John C. Hedreen

What is he best known for?

The fields of study he is best known for:

• Internal medicine
• Gene
• Neuron

His main research concerns Neuroscience, Degenerative disease, Pathology, Cerebral cortex and Huntington's disease. His research integrates issues of Dementia, Pediatrics, Alzheimer's disease, Neuropathology and Repeated sequence in his study of Degenerative disease. His Pediatrics research includes themes of Nun Study, Braak staging and Gerontology.

His Pathology research integrates issues from Locus coeruleus, Nucleus and Neuron. His Cerebral cortex study incorporates themes from Neurotoxin, Central nervous system, Anatomy and Thalamus. The various areas that John C. Hedreen examines in his Huntington's disease study include Basal ganglia, Striatum, Gene product and Claustrum.

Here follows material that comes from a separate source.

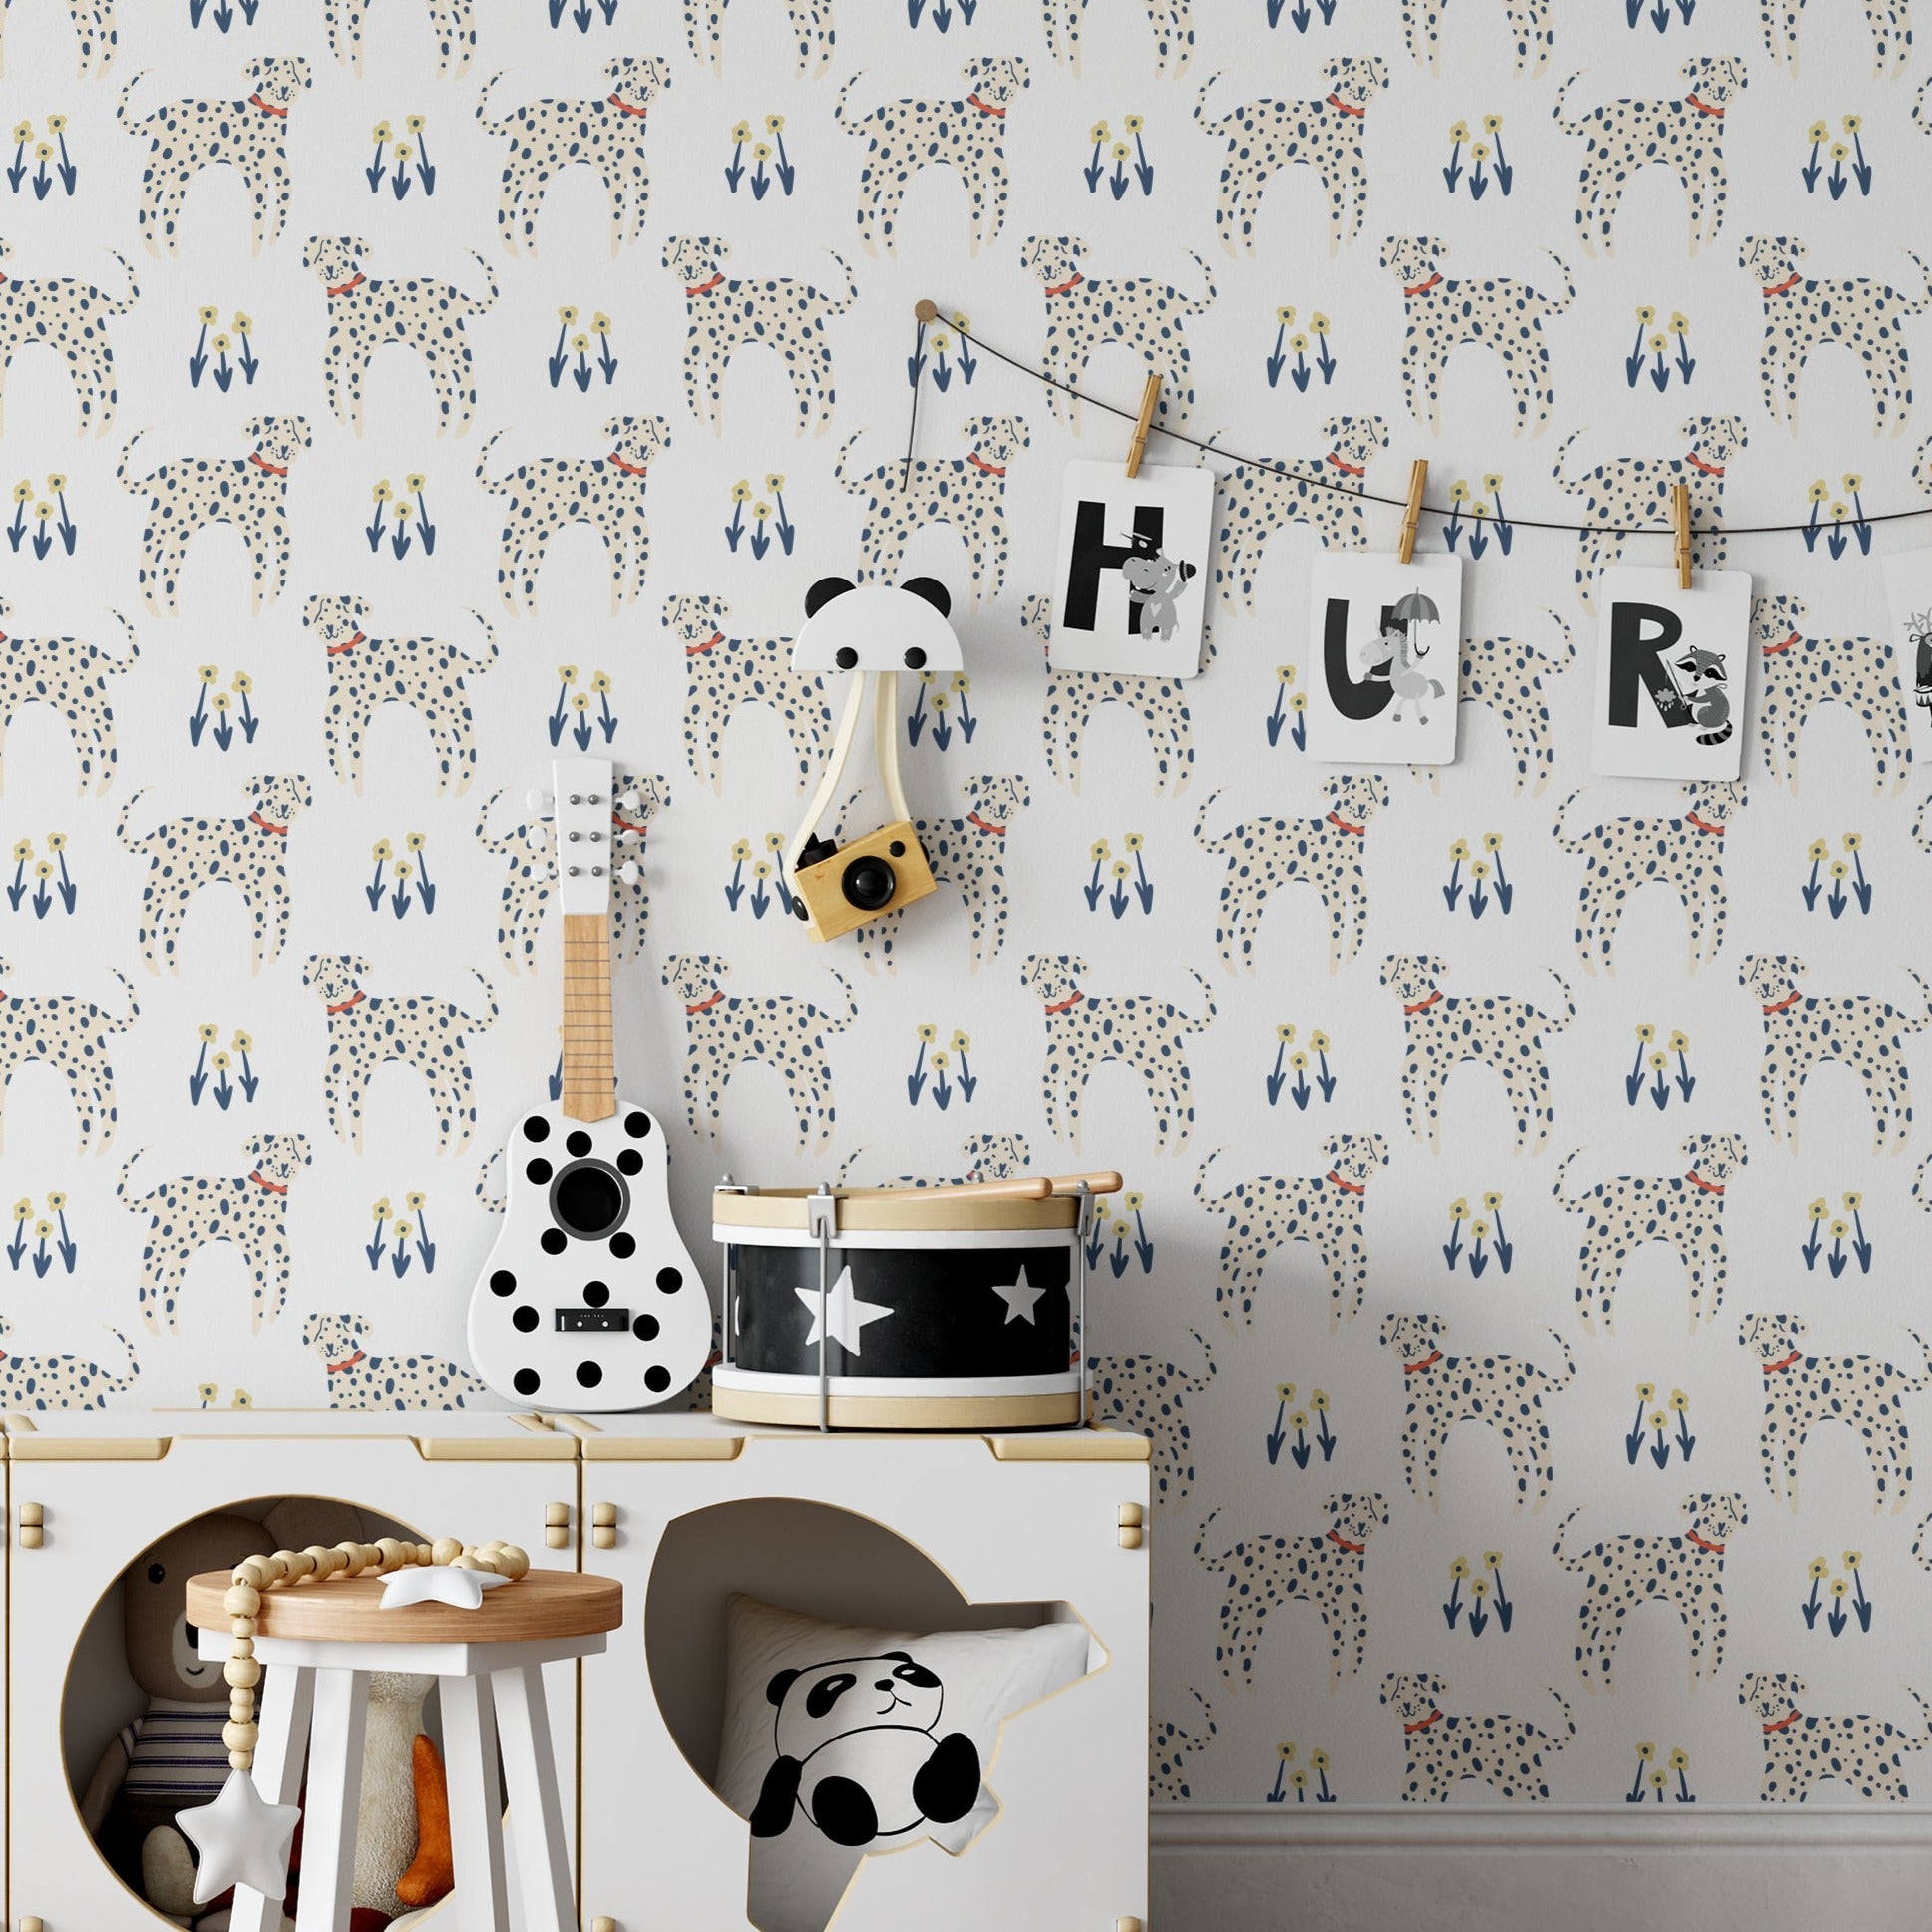 A child's nursery room adorned with 'Dog Wallpaper 33,' which displays playful Dalmatians and vibrant flowers in blue and yellow on a white background, creating a cheerful and inviting space

His most cited work include:

• The Consortium to Establish a Registry for Alzheimer's Disease (CERAD): Part II. Standardization of the neuropathologic assessment of Alzheimer's disease (3949 citations)
• Evidence for apoptotic cell death in Huntington disease and excitotoxic animal models. (562 citations)
• Basal forebrain neurons in the dementia of Parkinson disease (462 citations)

What are the main themes of his work throughout his whole career to date?

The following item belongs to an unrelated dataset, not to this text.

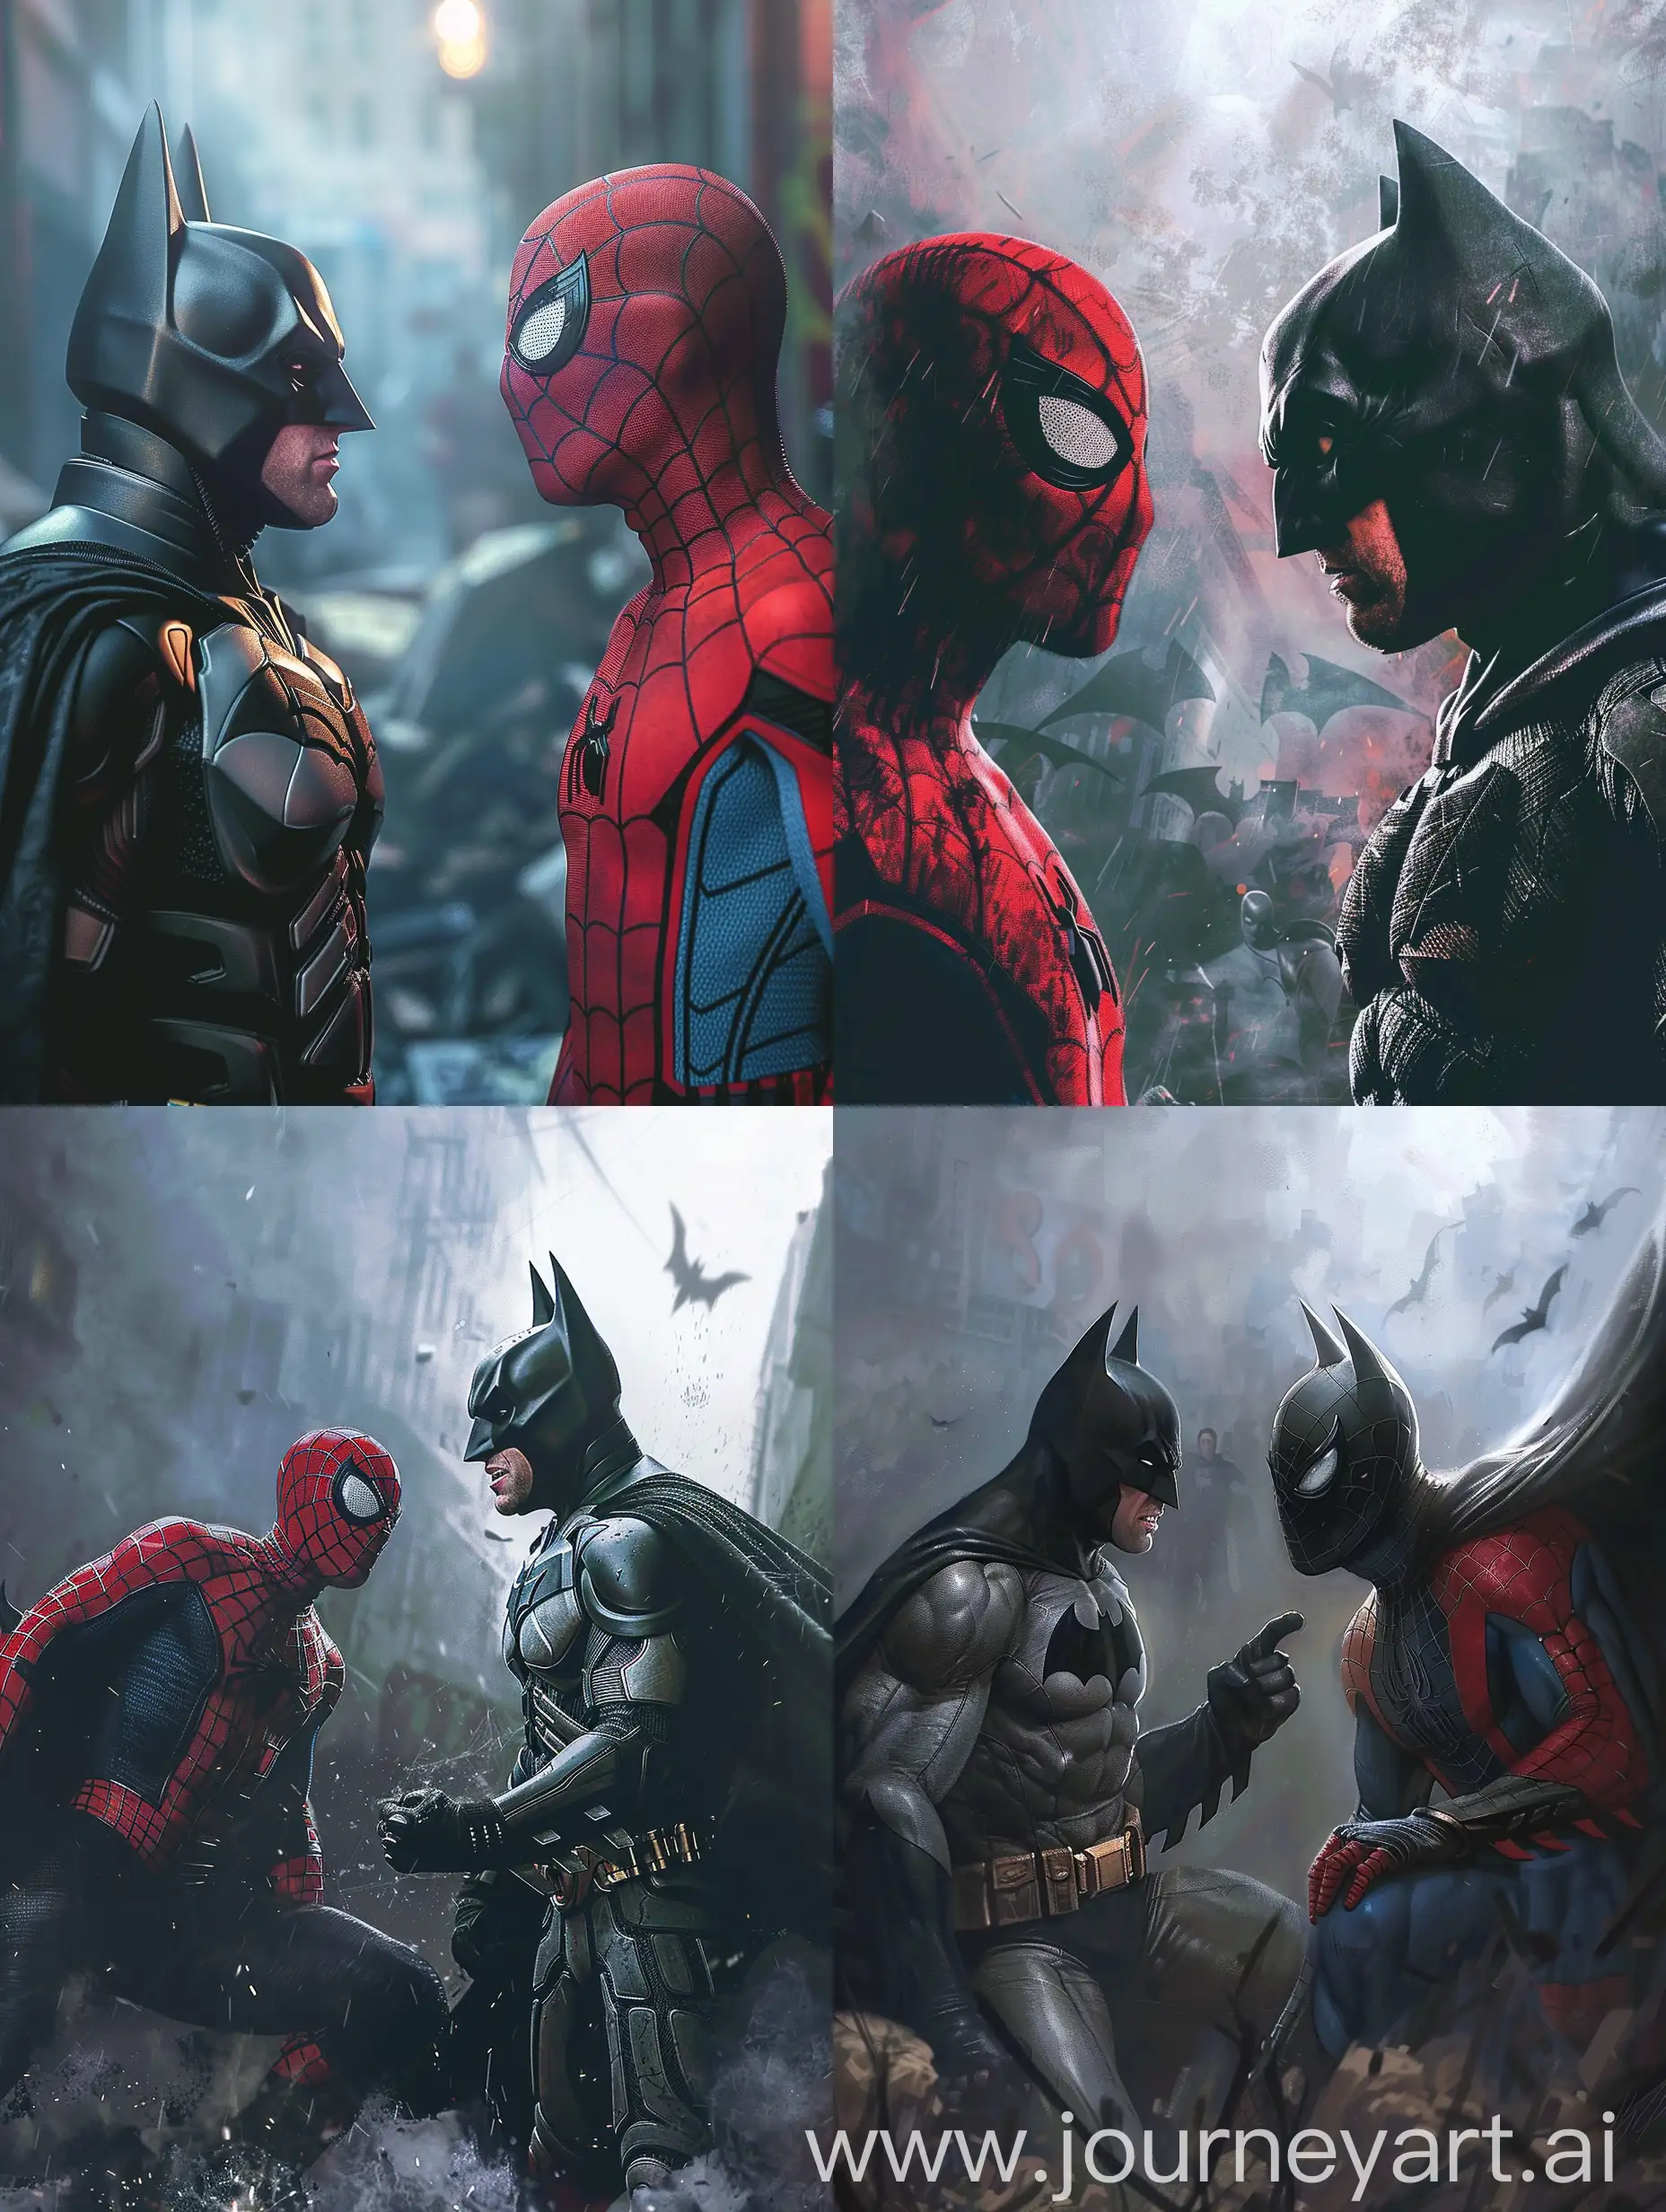 Epic-8K-Resolution-Batman-and-SpiderMan-ActionPacked-Encounter

His primary areas of study are Neuroscience, Pathology, Disease, Dementia and Degenerative disease. His research investigates the link between Disease and topics such as Pathological that cross with problems in Corticobasal degeneration and Depression. The study incorporates disciplines such as Alzheimer's disease and Central nervous system disease in addition to Dementia.

His Alzheimer's disease study focuses on Neurofibrillary tangle in particular. He interconnects Huntington's disease, Neurodegeneration and Gene expression in the investigation of issues within Degenerative disease. His Neuropathology study combines topics in areas such as Pediatrics and Juvenile Huntington Disease.

He most often published in these fields:

• Neuroscience (47.92%)
• Pathology (41.67%)
• Disease (19.79%)

What were the highlights of his more recent work (between 2002-2020)?

• Pathology (41.67%)
• Neuroscience (47.92%)
• Human brain (13.54%)

In recent papers he was focusing on the following fields of study:

The scientist’s investigation covers issues in Pathology, Neuroscience, Human brain, Neuropathology and Substantia nigra. His study in the field of Corticobasal degeneration, Pathological and Frontotemporal lobar degeneration is also linked to topics like Cytoplasmic inclusion. John C. Hedreen focuses mostly in the field of Neuroscience, narrowing it down to topics relating to Enhancer and, in certain cases, Genome.

His studies examine the connections between Human brain and genetics, as well as such issues in Basal ganglia, with regards to Neuron and Dopaminergic. His work carried out in the field of Neuropathology brings together such families of science as Dystonia, Dystonia Musculorum Deformans, Juvenile Huntington Disease and Midbrain. His Substantia nigra research is multidisciplinary, relying on both Cerebellum, Neurochemical and Hippocampus.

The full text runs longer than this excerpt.